-- The data --
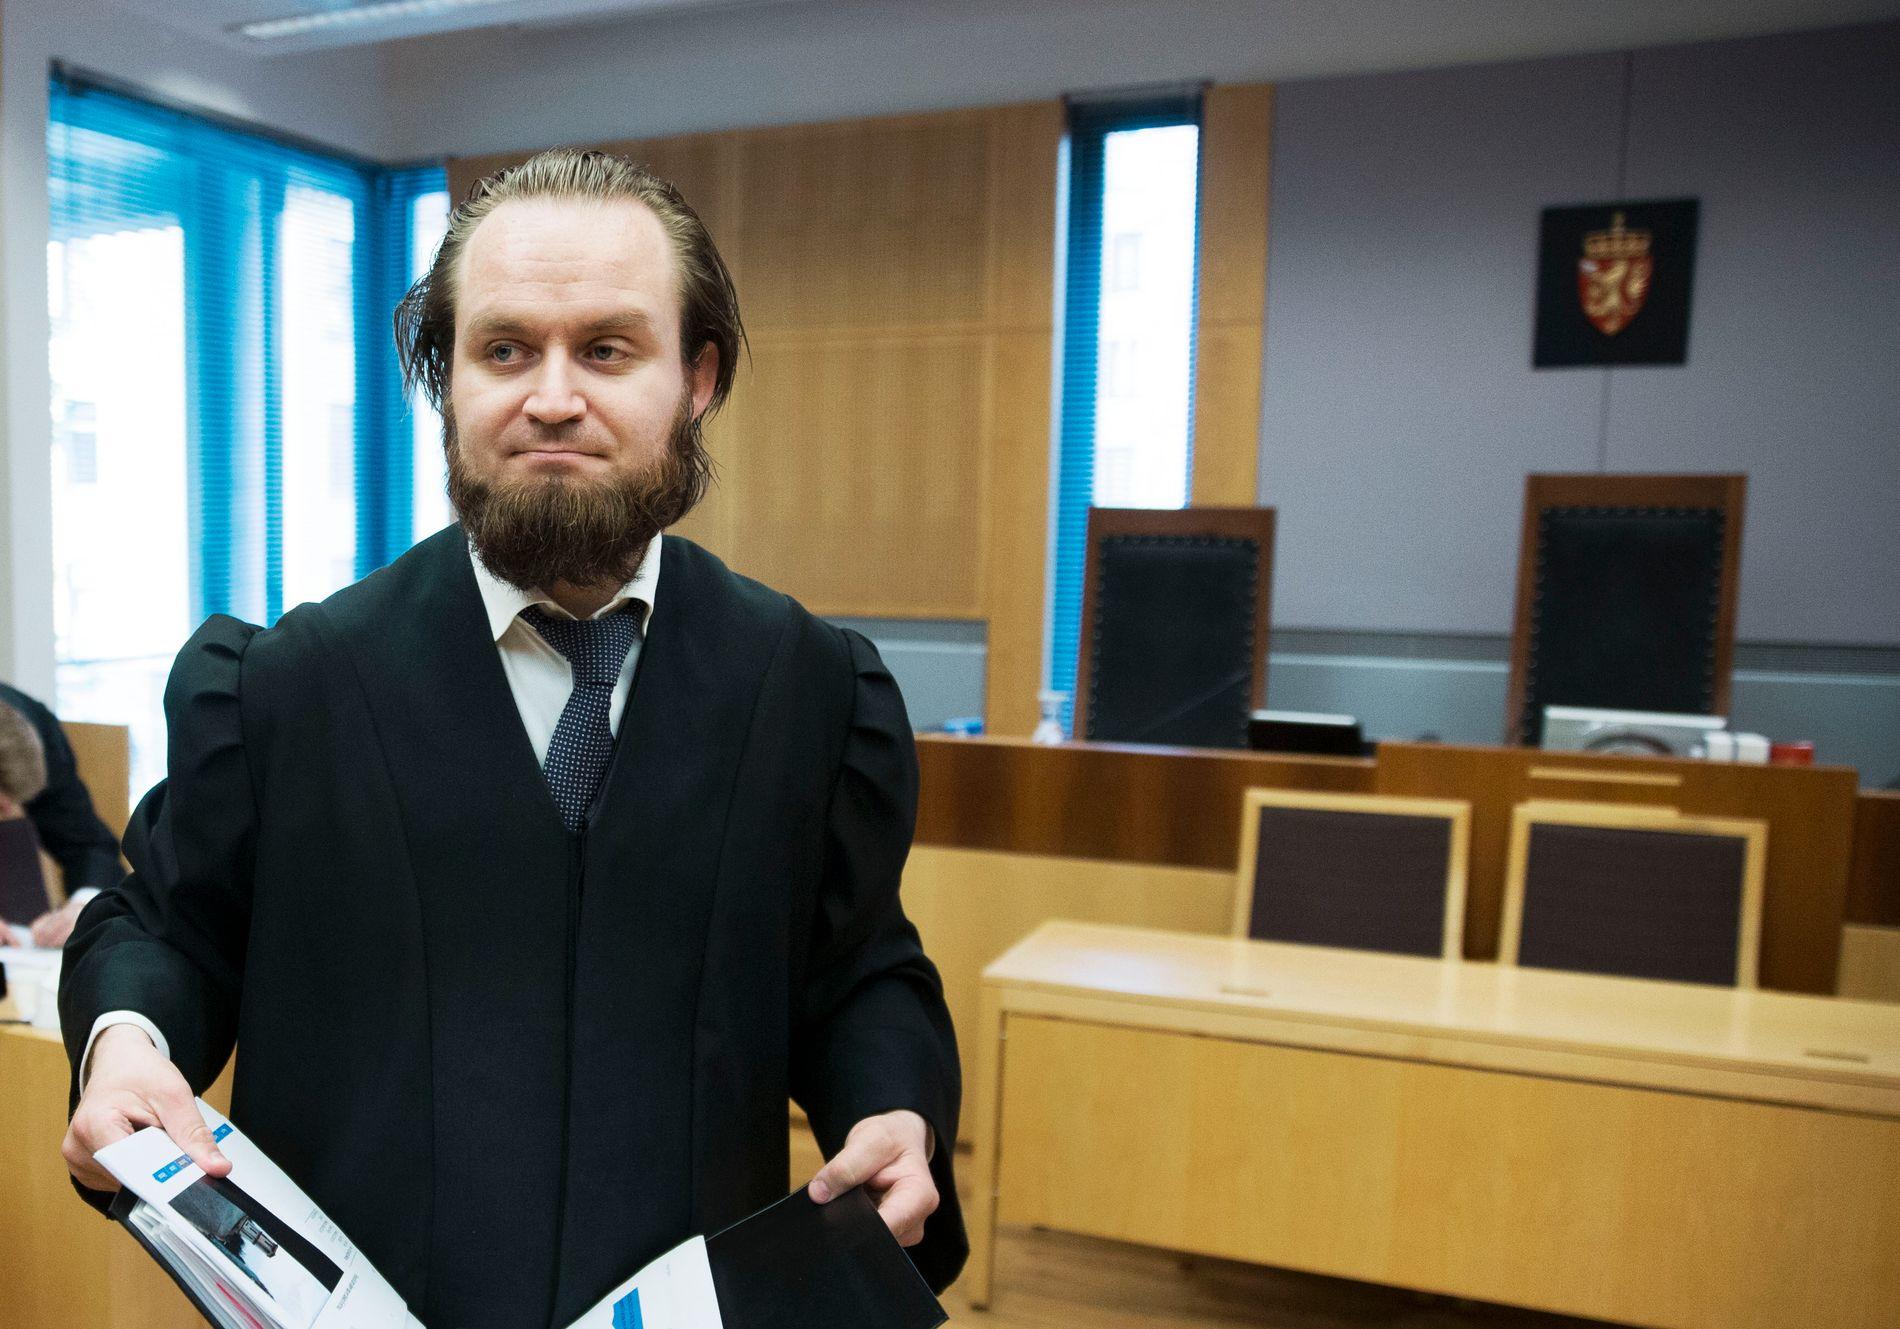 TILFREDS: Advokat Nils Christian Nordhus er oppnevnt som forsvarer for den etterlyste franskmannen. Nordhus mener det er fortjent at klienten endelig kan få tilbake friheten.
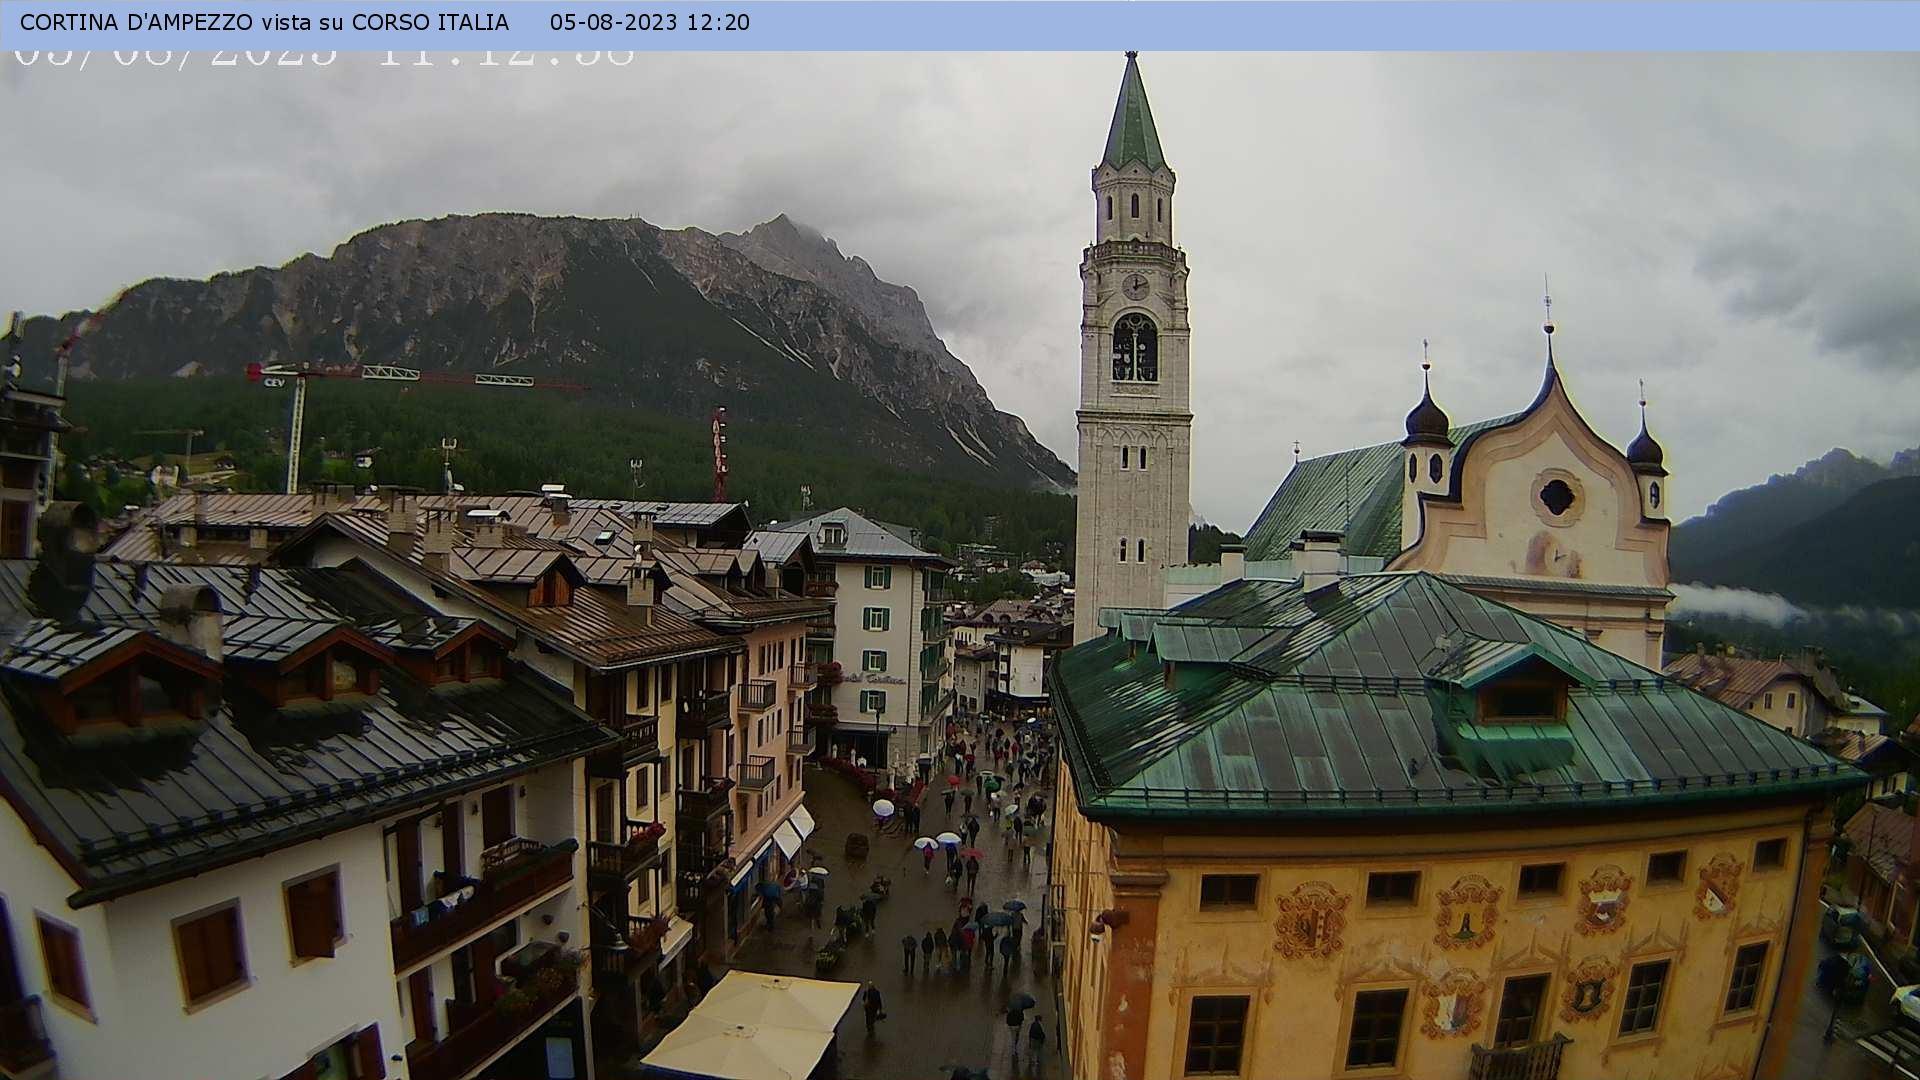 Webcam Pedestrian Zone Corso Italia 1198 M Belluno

==

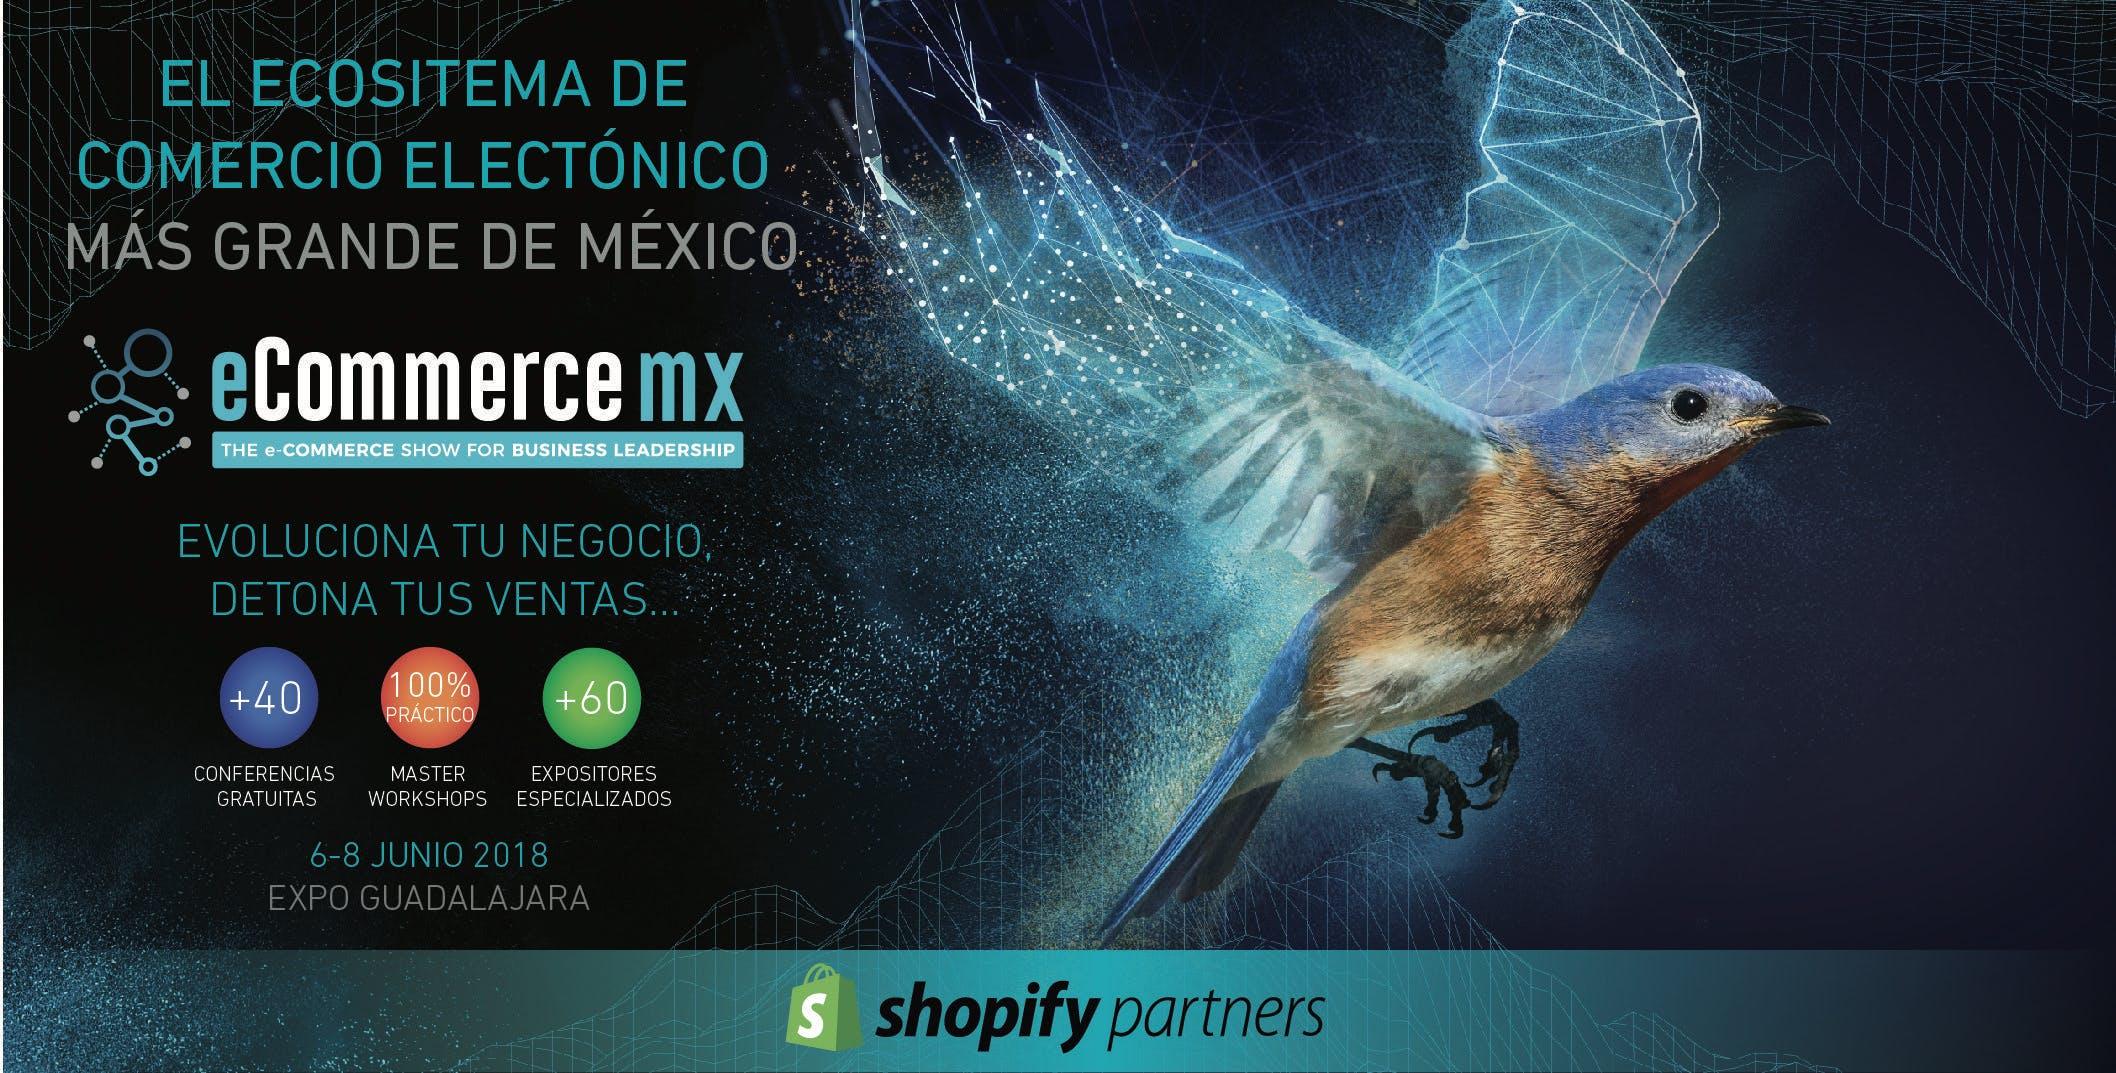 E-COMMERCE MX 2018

-- Exercise objective --
In the listing above, find the line with "TILFREDS: Advokat Nils" and output it and every line after it up to and including the line with "Webcam Pedestrian Zone", exactly, minus the pictures.

-- Written answer --
 TILFREDS: Advokat Nils Christian Nordhus er oppnevnt som forsvarer for den etterlyste franskmannen. Nordhus mener det er fortjent at klienten endelig kan få tilbake friheten.
 Webcam Pedestrian Zone Corso Italia 1198 M Belluno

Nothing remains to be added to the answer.